In the depicted example, the server 110 analyzes a request pattern 230 of the object in order to determine where the object should be stored. The analysis may comprise the use of a machine learning model. The analysis may comprise determining if by moving the object to one or more servers the network traffic may be improved. Such an analysis may comprise data such as longitudinal data indicating when the object was accessed, where the access request came from, total time from request of the object by a computing device 120 to delivery of the object to the computing device 120 by the server 110, dates of request, total requests at the time of the request for each server, total network latency, and any composite metric of the elements thereof. In some embodiments, the analysis may include determining a location of the computing device, and then comparing the location of the computing device to one or more servers (e.g., server 210, server 220, and other servers (e.g., the plurality of servers 132 of FIG. 1). Based on the analysis the object may be provided for storage to a server closest to the original request (e.g., server 210). Accordingly, in the depicted example, server 110 provides the object to server 210 for storage since server 210 is closer to the location of the computing device 120 (e.g., where the request for the object was provided from) than the server 220. In other embodiments with additional servers, a server different from server 210 may receive the object for storage based on the analysis (e.g., the server different from server 210 may be determined to be the server closest to where most requests for the object originate). Additionally, in this depicted example, the server 110 provides the object to computing device 120 at step 250 (e.g., in response to the original request at step 205). In some embodiments, based on the analysis of the request pattern, the object may be removed from one or more servers (e.g., at step 255 in this depicted example). For example, if it is determined that server 210 is closer to the computing device 120 than server 220, the server 110 may determine that, in addition to the object being stored in server 210, the object should be removed from server 220. If the server 110 makes that determination, the server 110 may provide a request to remove the object from server 220.
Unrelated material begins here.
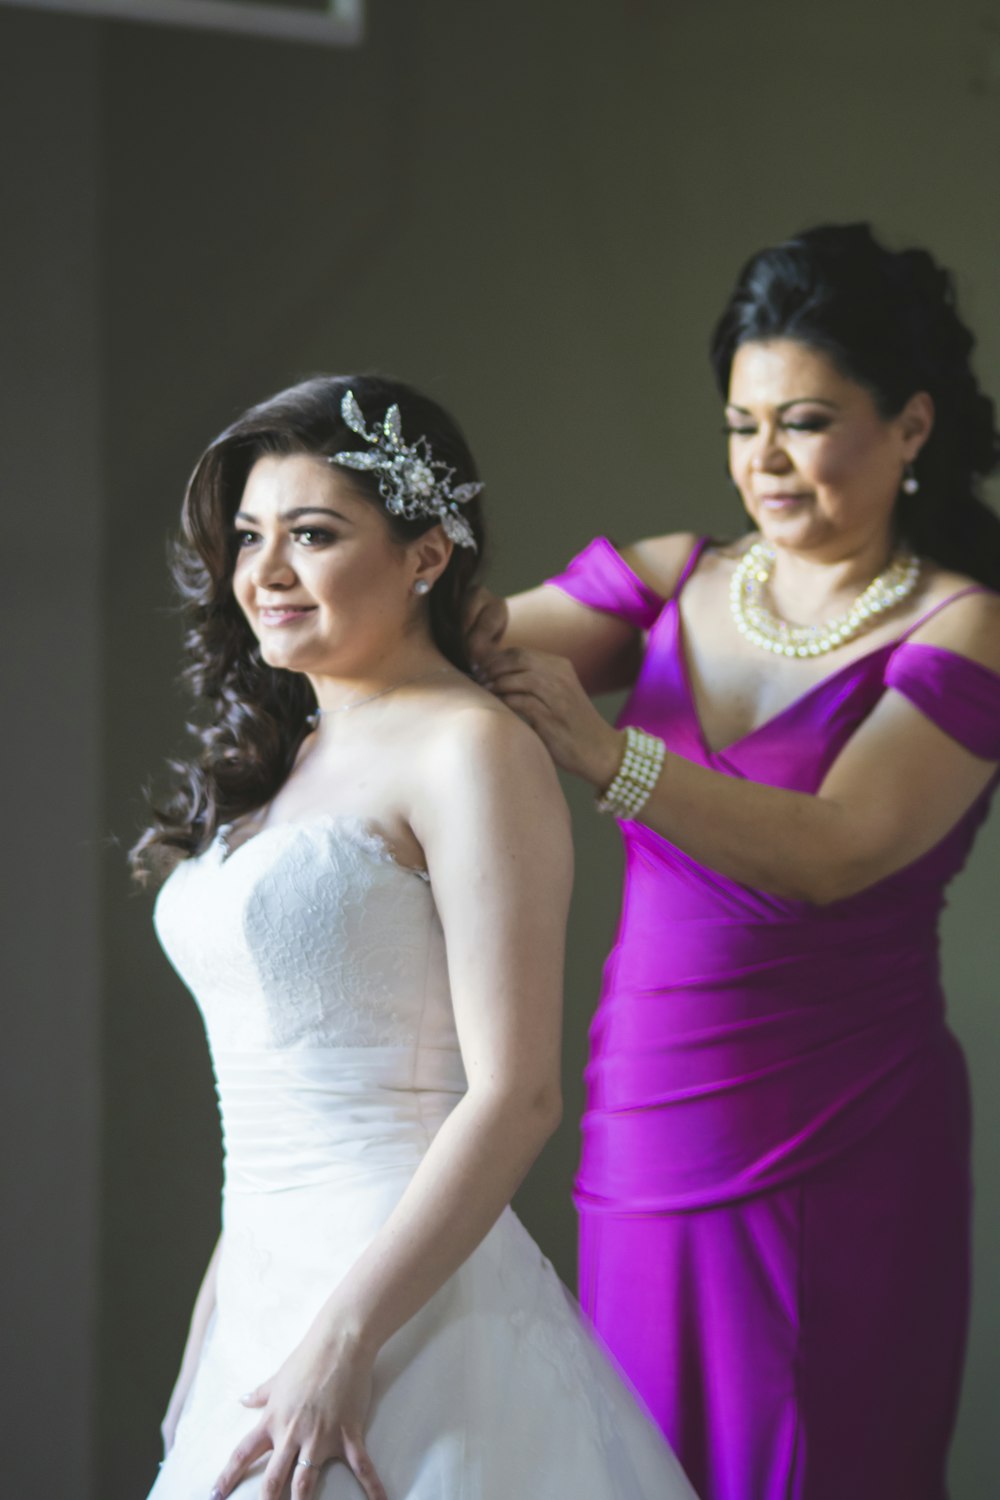 a woman in a purple dress getting ready for a wedding

FIG. 3 depicts a process 300 for storing and retrieving an object in a global network. As described herein, objects may be located in regions (e.g., in a server within a region). A server 110 interacts with region 320 and region 330. In some embodiments, a request is received from region 330 (e.g., from computing device 120 to server 110). In some embodiments, the server 110 provides a request to server 220 in region 330 (e.g., the region containing computing device 120.) In the depicted example, server 220 and computing device 120 are located in region 330 which, for the purposes of this example, are geographically closer to each other than to region 320 and server 210. In the depicted example, the object is not present on server 220. Server 220 provides feedback to server 110 indicating that the object is not present on server 220. Server 210 of the geographically more distant region 320 does contain the object and provides the object and metadata pertaining to the object to server 110 in response to requests for the object from server 110. Because the object was copied to server 110 the metadata is updated to indicate the presence of the object on server 110. Server 110 provides the object to the computing device 120. In some embodiments, the object is further provided to and stored on server 220. In some embodiments, the object is stored in servers other than server 220 (e.g., based upon analysis of received requests regarding the object, as described further with respect to FIG. 2). In some embodiments, other servers are sent a request for metadata and/or a request for an object. In some embodiments, there may be more servers than server 210 and server 220 in regions 320 and 330, respectively, and the regions 320 and 330 may be included in a plurality of regions that includes regions in addition to regions 320 and 330.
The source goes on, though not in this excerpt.